The unemployment rate unexpectedly dropped 2.2 percentage points to 11.1% in June, as the number of unemployed persons captured in the household survey fell by 3.2 mn and the labor force expanded by 1.7 mn. Meanwhile, the number of employed persons rose by 4.9 mn in June after rising 3.8 mn in May. The suggestion here is that the job figures look even better in the household survey than in the establishment survey.

Over the past four months, there has been a great deal of suspicion around the changes in the unemployment rate due to how people respond to the question about the main reason they were absent from their jobs. Workers who were absent from work due to “other reasons” (over and above the number absent for other reasons in a typical month) may have been recorded (misclassified) as employed. Had they instead been classified as unemployed on temporary layoff, the unemployment rates observed over the past four months would have been meaningfully higher.

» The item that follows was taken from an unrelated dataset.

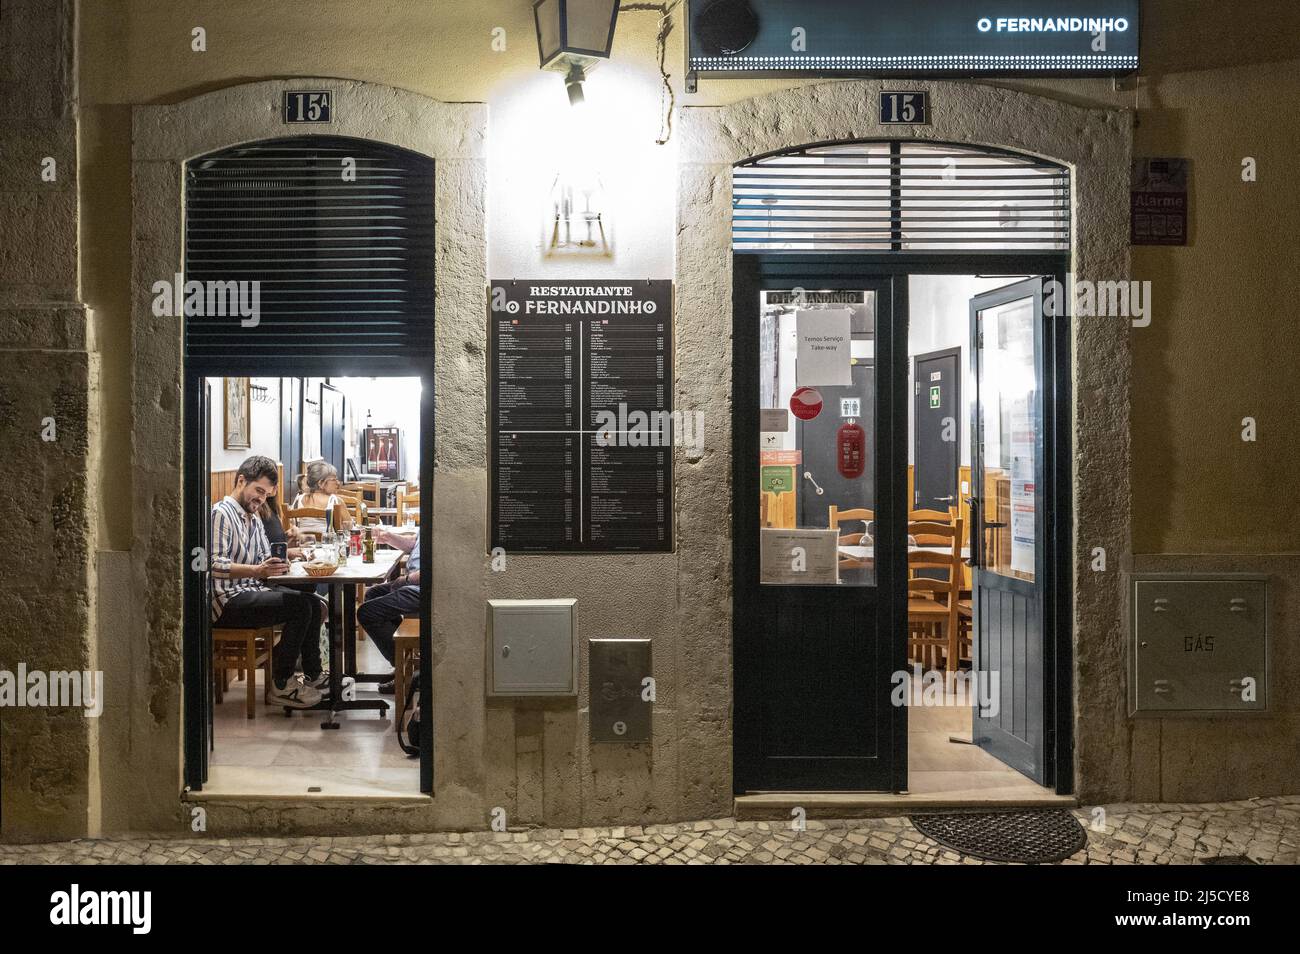 Restaurant O Fernandinhoim Viertel Chiado auf 30.07.2020. [Automatisierte Übersetzung] Stockfoto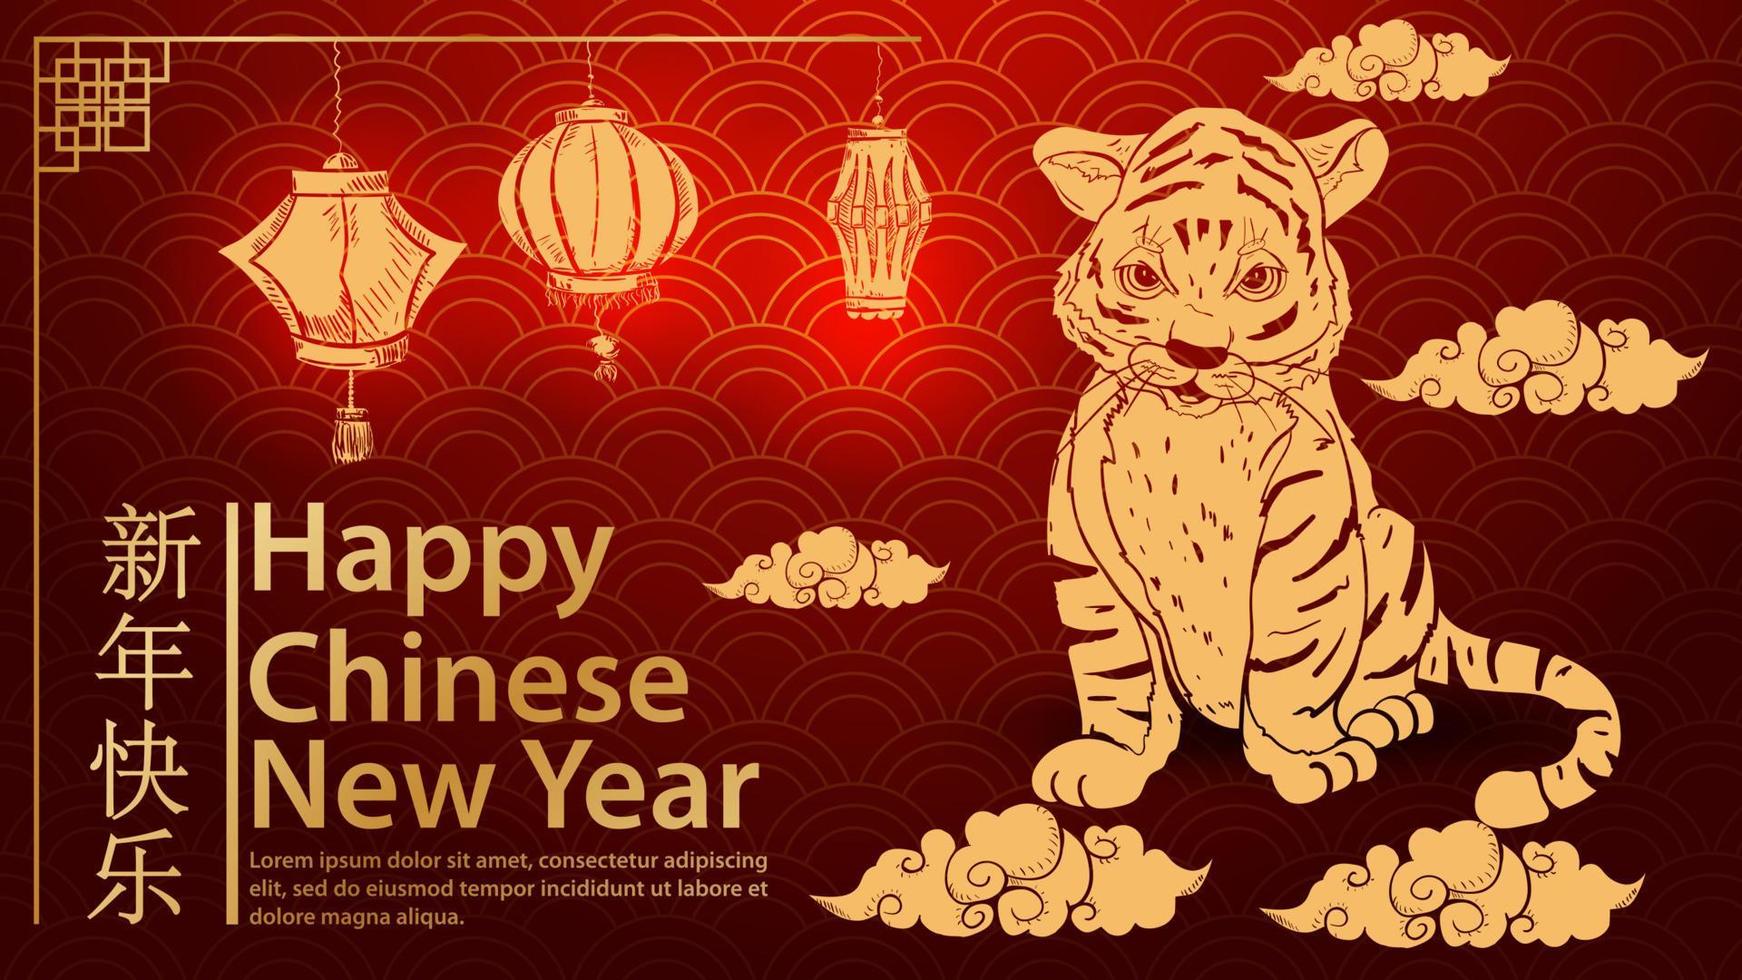 un pequeño cachorro de tigre sonríe sentado en las nubes el símbolo del año nuevo chino y la inscripción felicitaciones ola de fondo rojo vector

But the Bureau of Labor Statistics said the degree of misclassification declined considerably in June. If we remove the estimated one percentage point misclassification error for this month’s report, June’s unemployment rate still would have been lower than the 12.3% the markets had been expecting.

The Bottom Line:

Two strong monthly jobs reports in a row suggest the U.S. labor economy is indeed healing rapidly. We are impressed with the breadth of employment gains by industry and cohort, noting that most industry sectors have recovered the bulk of their job losses sustained in April. A notable exception is Leisure and Hospitality, where nearly 30% of the 8.3 million jobs lost in March and April have yet to be restored.